Bell-state diagonal-entanglement witnesses

Abstract

It has been shown that finding generic Bell states diagonal entanglement witnesses (BDEW) for $d_{1}\otimes d_{2}\otimes ....\otimes d_{n}$ systems exactly reduces to a linear programming if the feasible region be a polygon by itself and approximately obtains via linear programming if the feasible region is not a polygon. Since solving linear programming for generic case is difficult, the multi-qubits, $2\otimes N$ and $3 \otimes 3$ systems for the special case of generic BDEW for some particular choice of their parameters have been considered.

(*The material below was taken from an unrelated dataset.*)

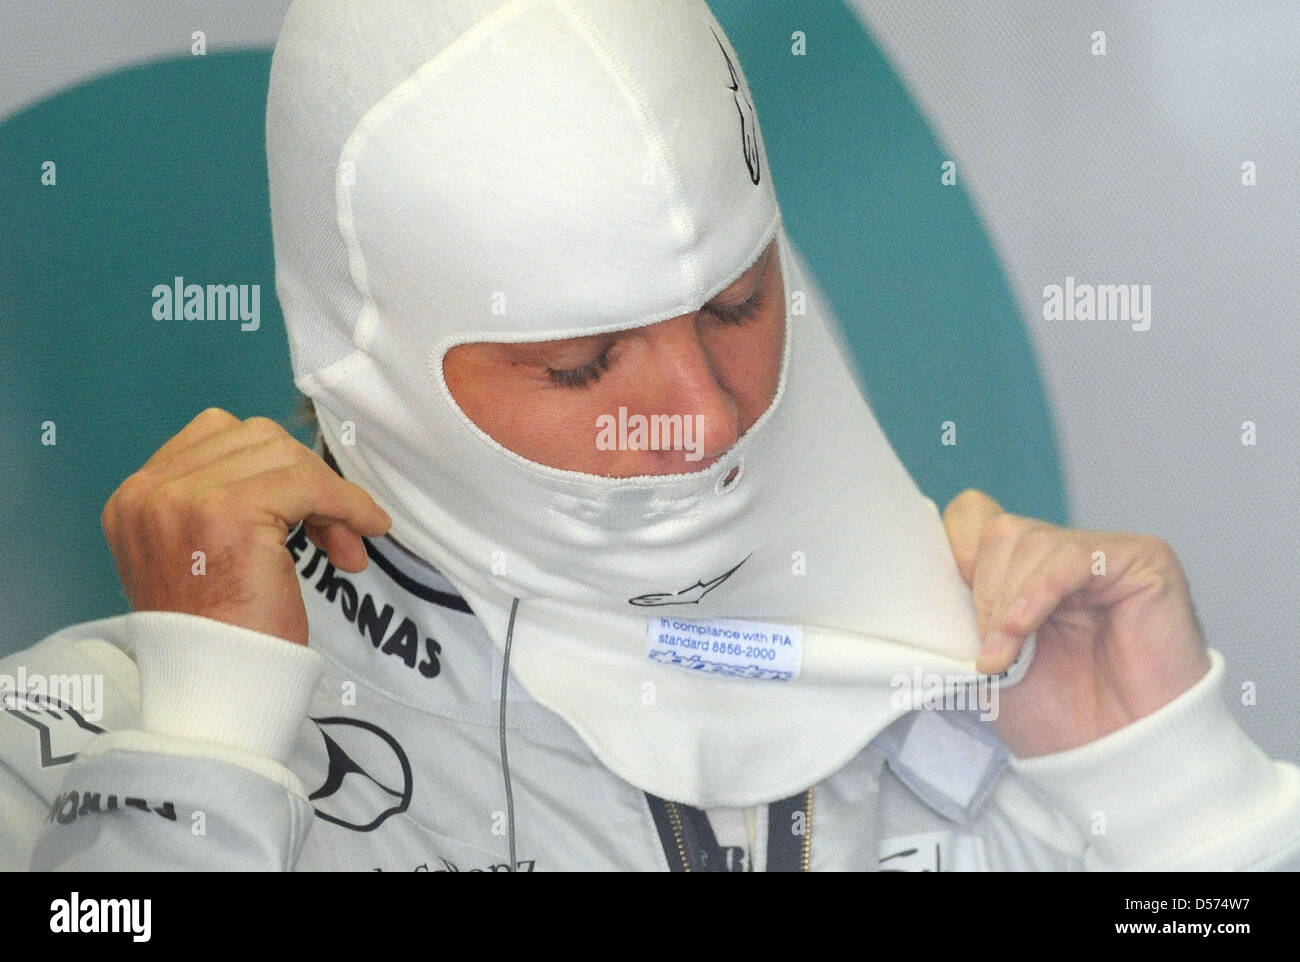 Il tedesco Nico Rosberg della Mercedes GP nel suo box durante la prima sessione di prove per il Gran Premio di Cina a Shanghai nel Circuito Internazionale di Shanghai, in Cina, 16 aprile 2010. Il Gran Premio di Cina si terrà il 18 aprile 2010. Foto: Peter Steffen Foto Stock
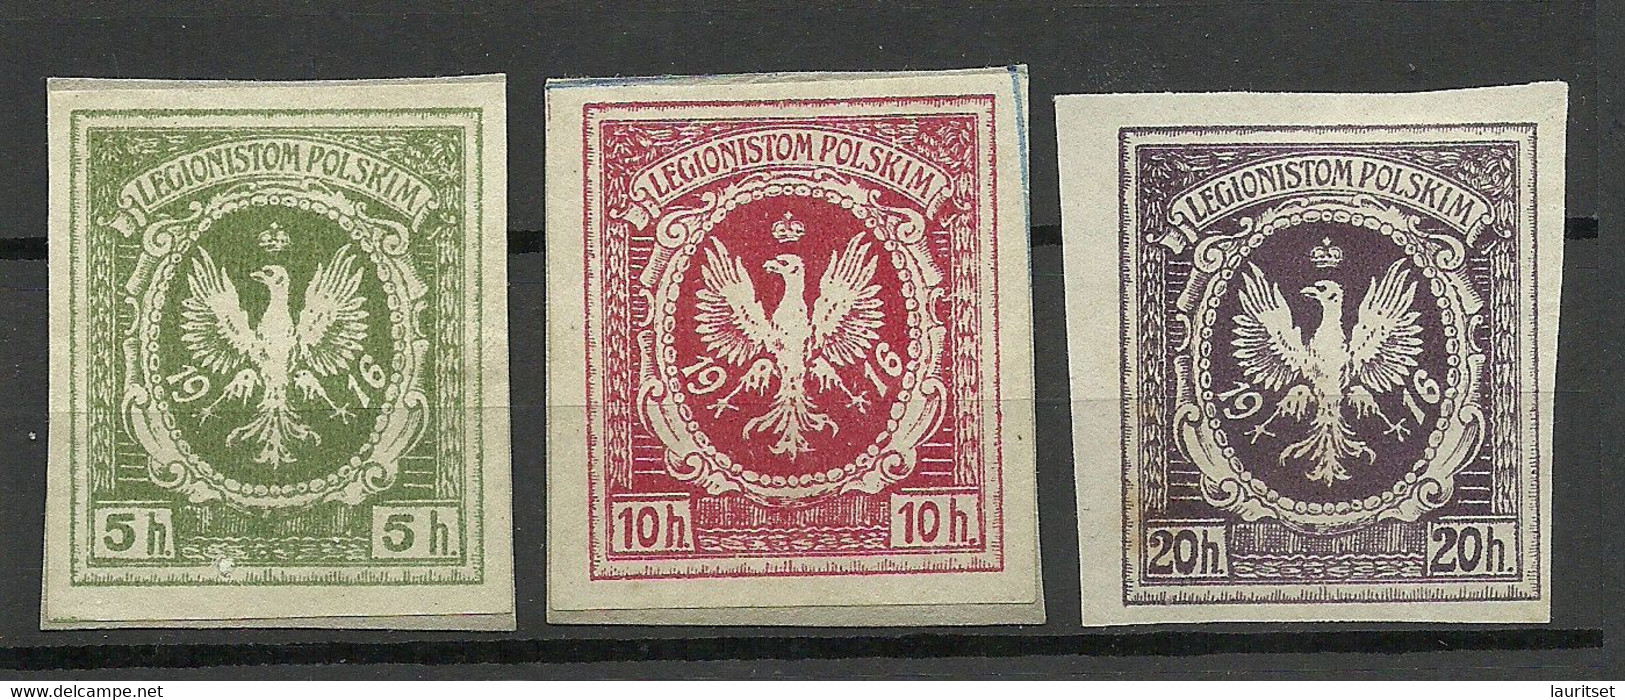 POLEN Poland 1916 Legionistam Polskim Für Polnische Legionäre Legion, 3 Stamps (*) - Neufs

In the rest of this paper we obtain the optimal non decomposable entanglement witness for $3 \otimes 3$ system for some particular choice of its parameters. By proving the optimality of the well known reduction map and combining it with the optimal and non-decomposable 3 $\otimes$ 3 BDEW (named critical entanglement witnesses) the family of optimal and non-decomposable 3 $\otimes$ 3 BDEW have also been obtained. Using the approximately critical entanglement witnesses, some 3 $\otimes$ 3 bound entangled states are so detected. So the well known Choi map as a particular case of the positive map in connection with this witness via Jamiolkowski isomorphism has been considered which approximately is obtained via linear programming.